WORK ITEM:
Please make sure what you return matches the listing below exactly, minus its pictures.

*** Opening GIVEN DATA ***

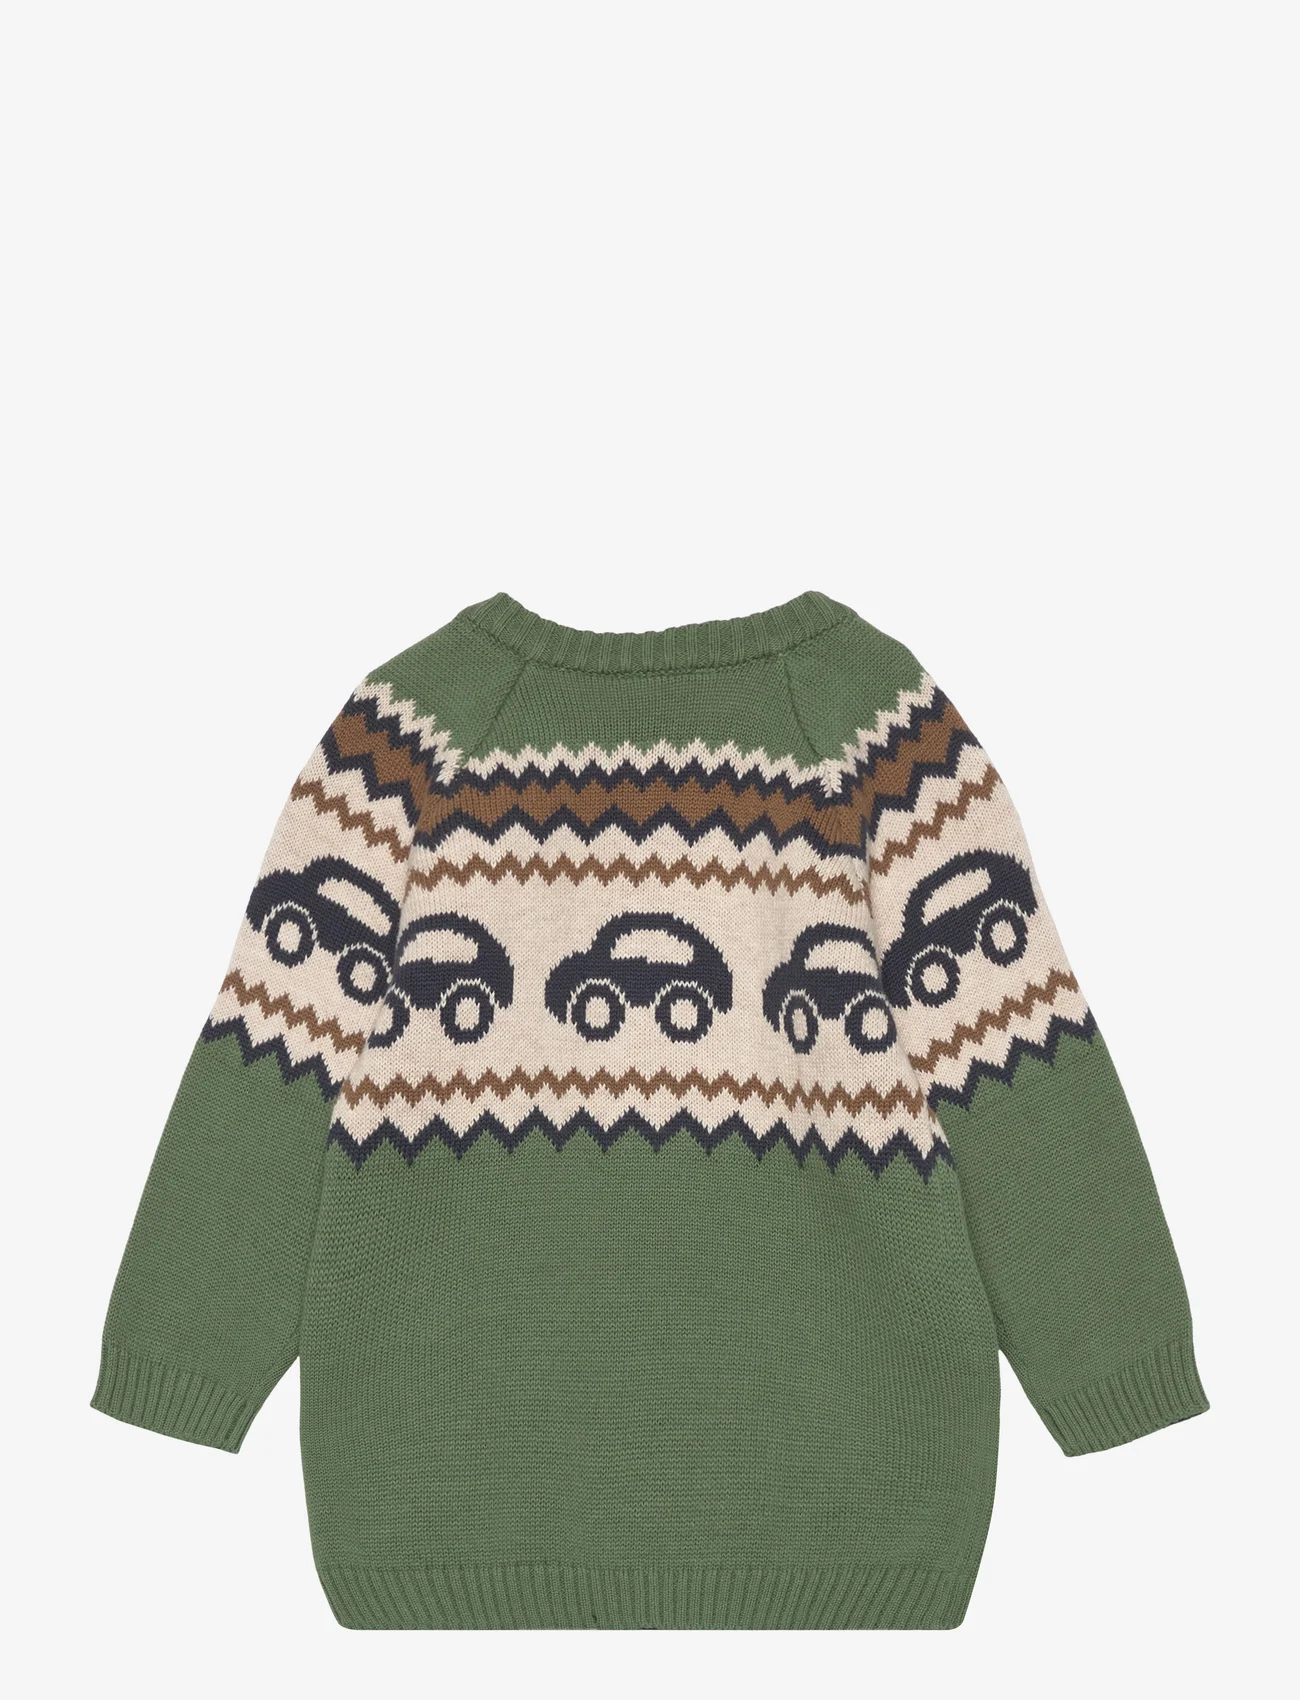 Hust & Claire - Palle - Pullover - gensere - elm green - 1
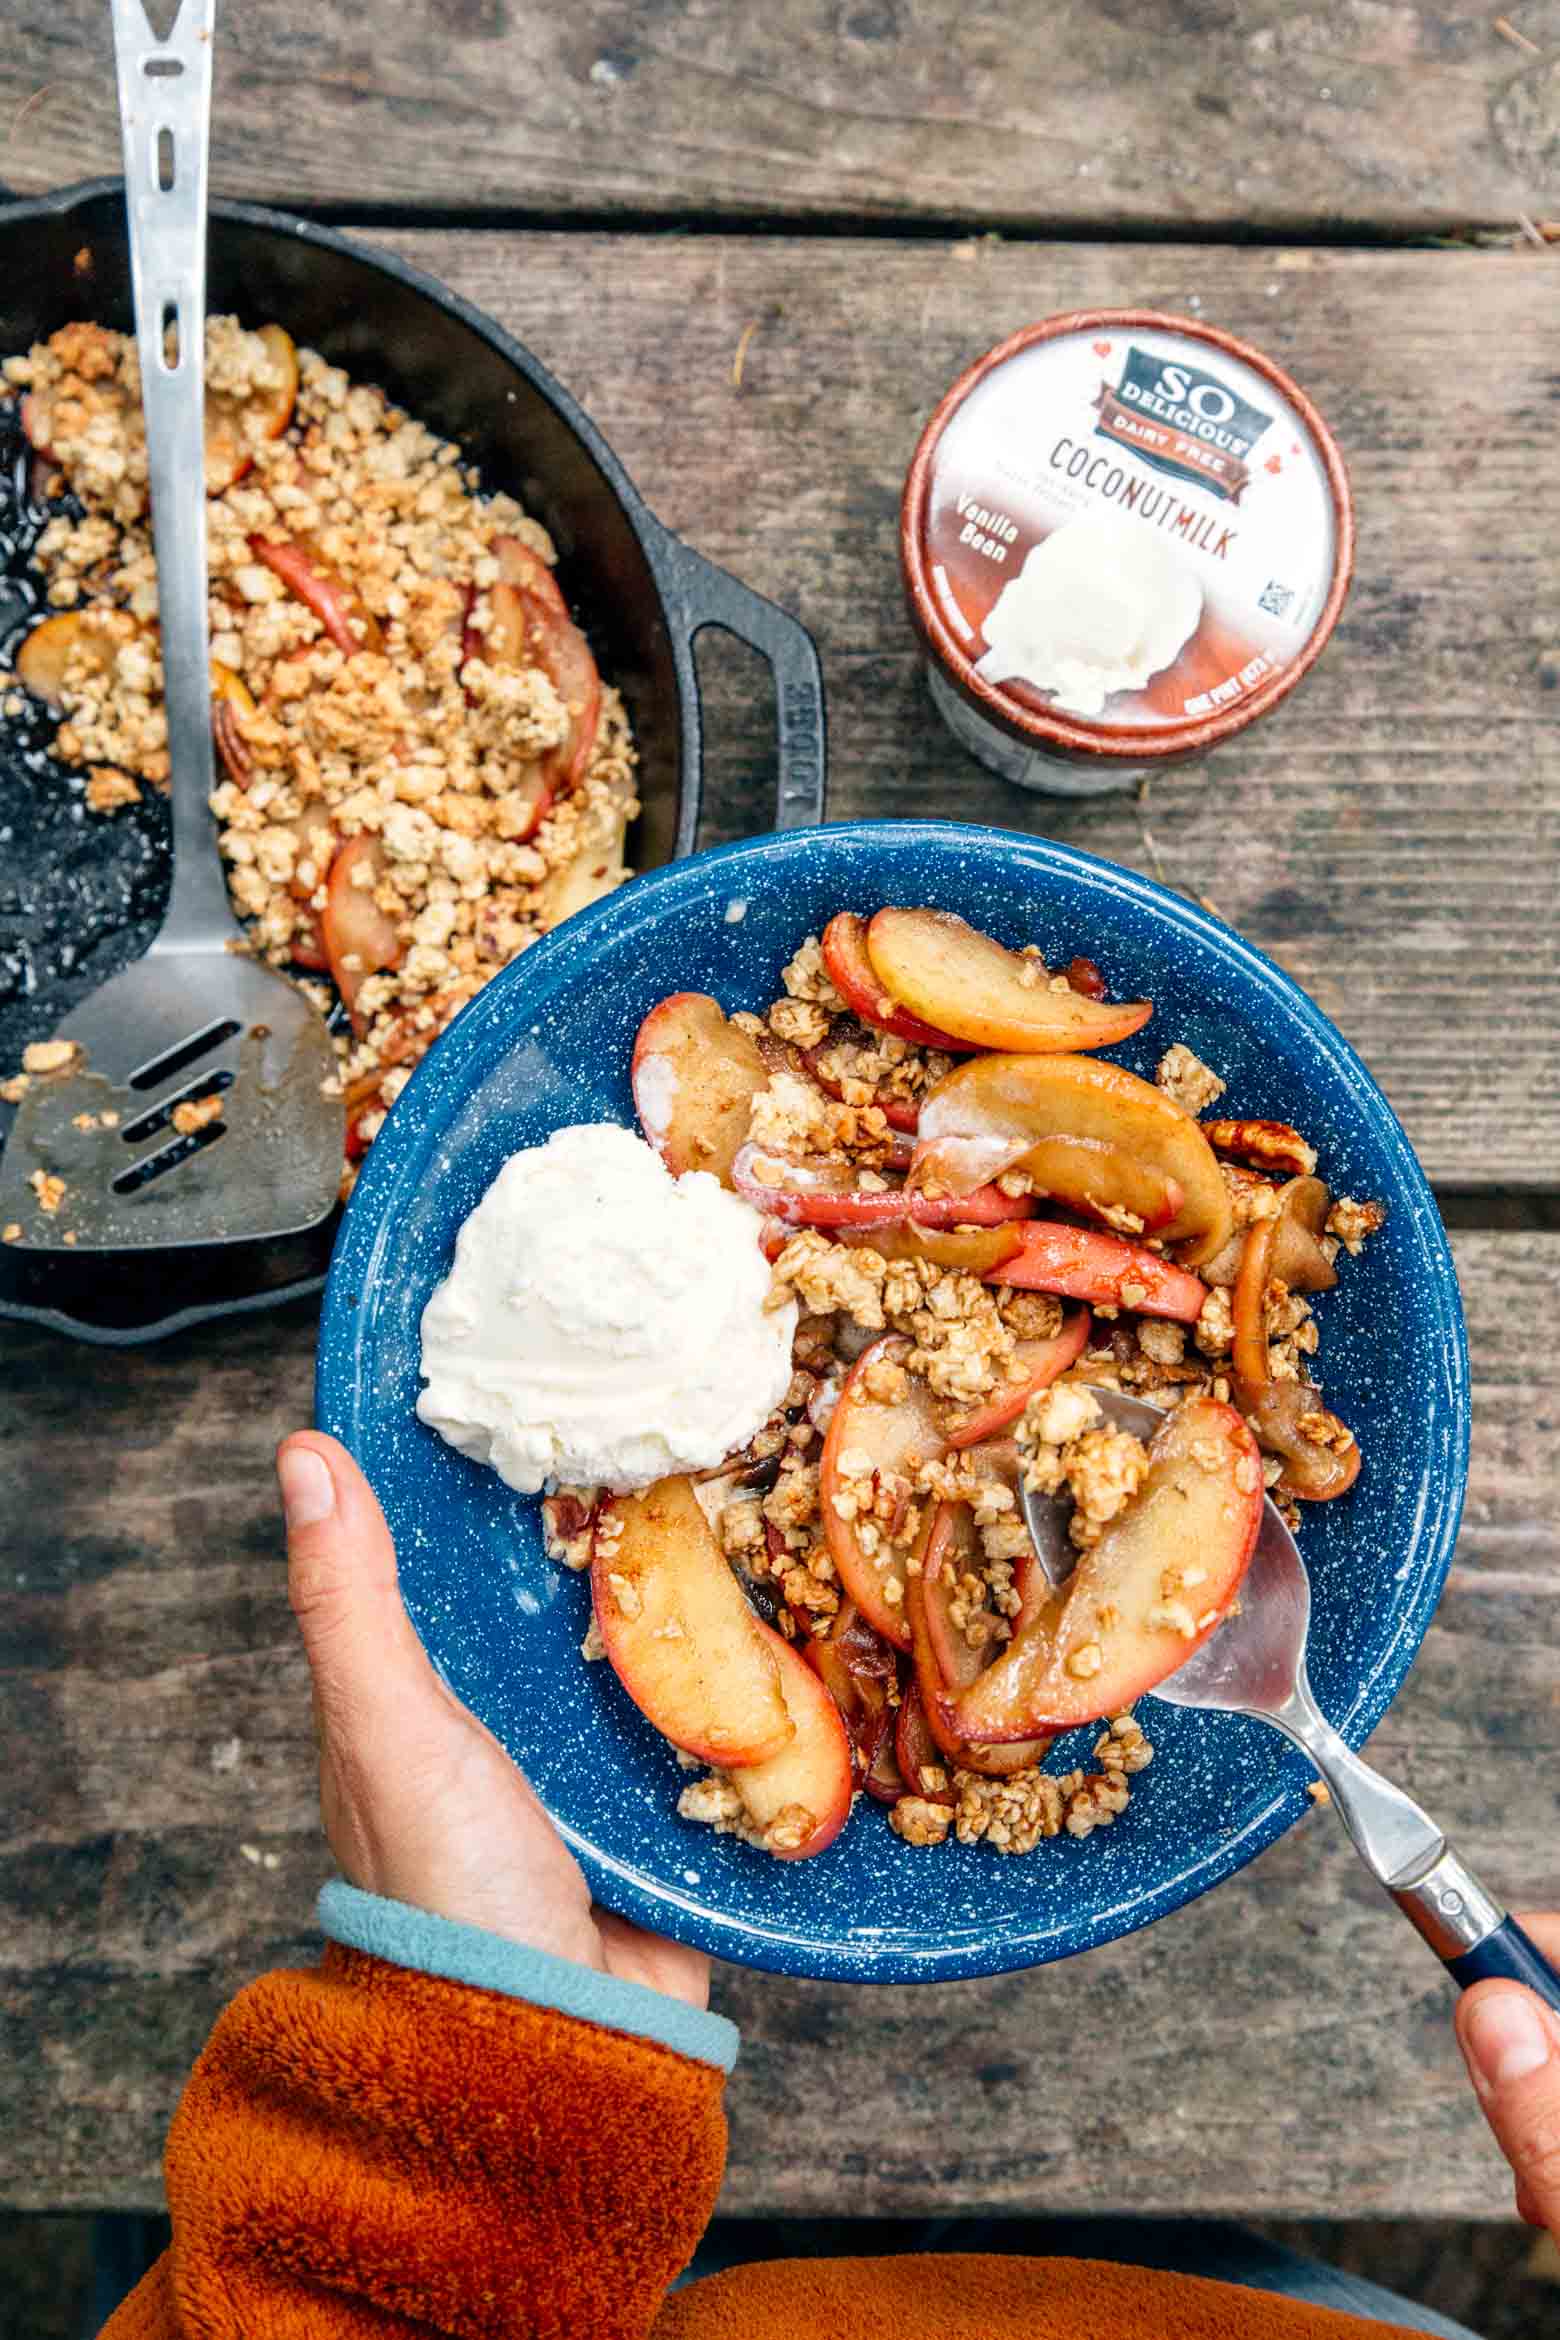 https://www.freshoffthegrid.com/wp-content/uploads/2017/09/campfire-apple-crisp-with-so-delicious-dairy-free-9.jpg
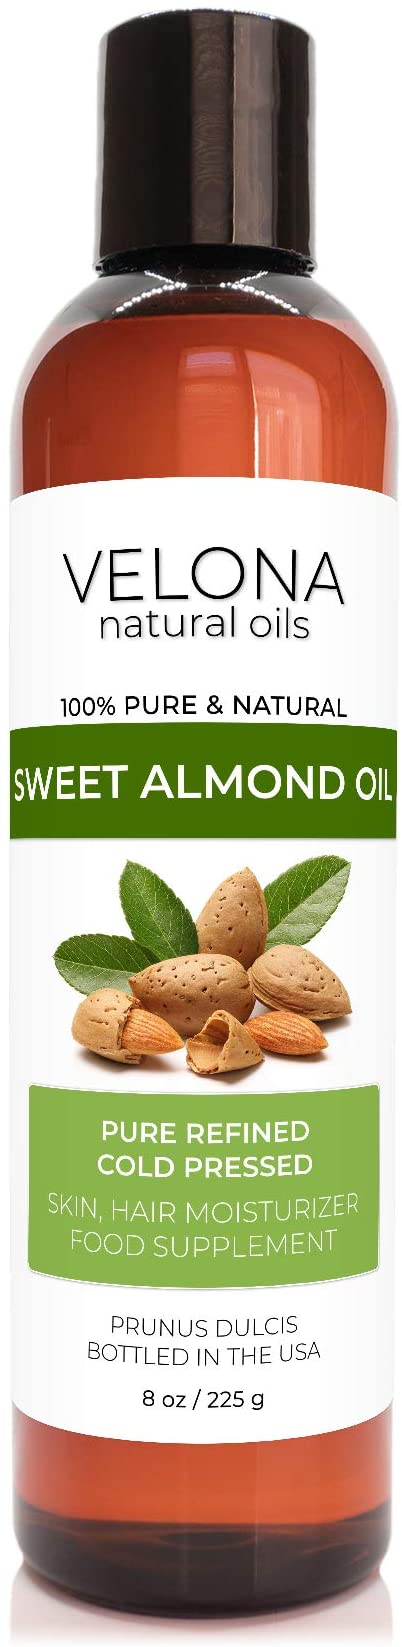 100% Sweet Almond Oil by Velona | All Natural Clear Carrier Oil for Face, Hair, Body and Skin Care | Refined, Cold Pressed | Size: 8 OZ

*** Closing GIVEN DATA ***

ANSWER FOR THE TASK:
 Hust & Claire - Palle - Pullover - gensere - elm green - 1
 https://www.freshoffthegrid.com/wp-content/uploads/2017/09/campfire-apple-crisp-with-so-delicious-dairy-free-9.jpg
 100% Sweet Almond Oil by Velona | All Natural Clear Carrier Oil for Face, Hair, Body and Skin Care | Refined, Cold Pressed | Size: 8 OZ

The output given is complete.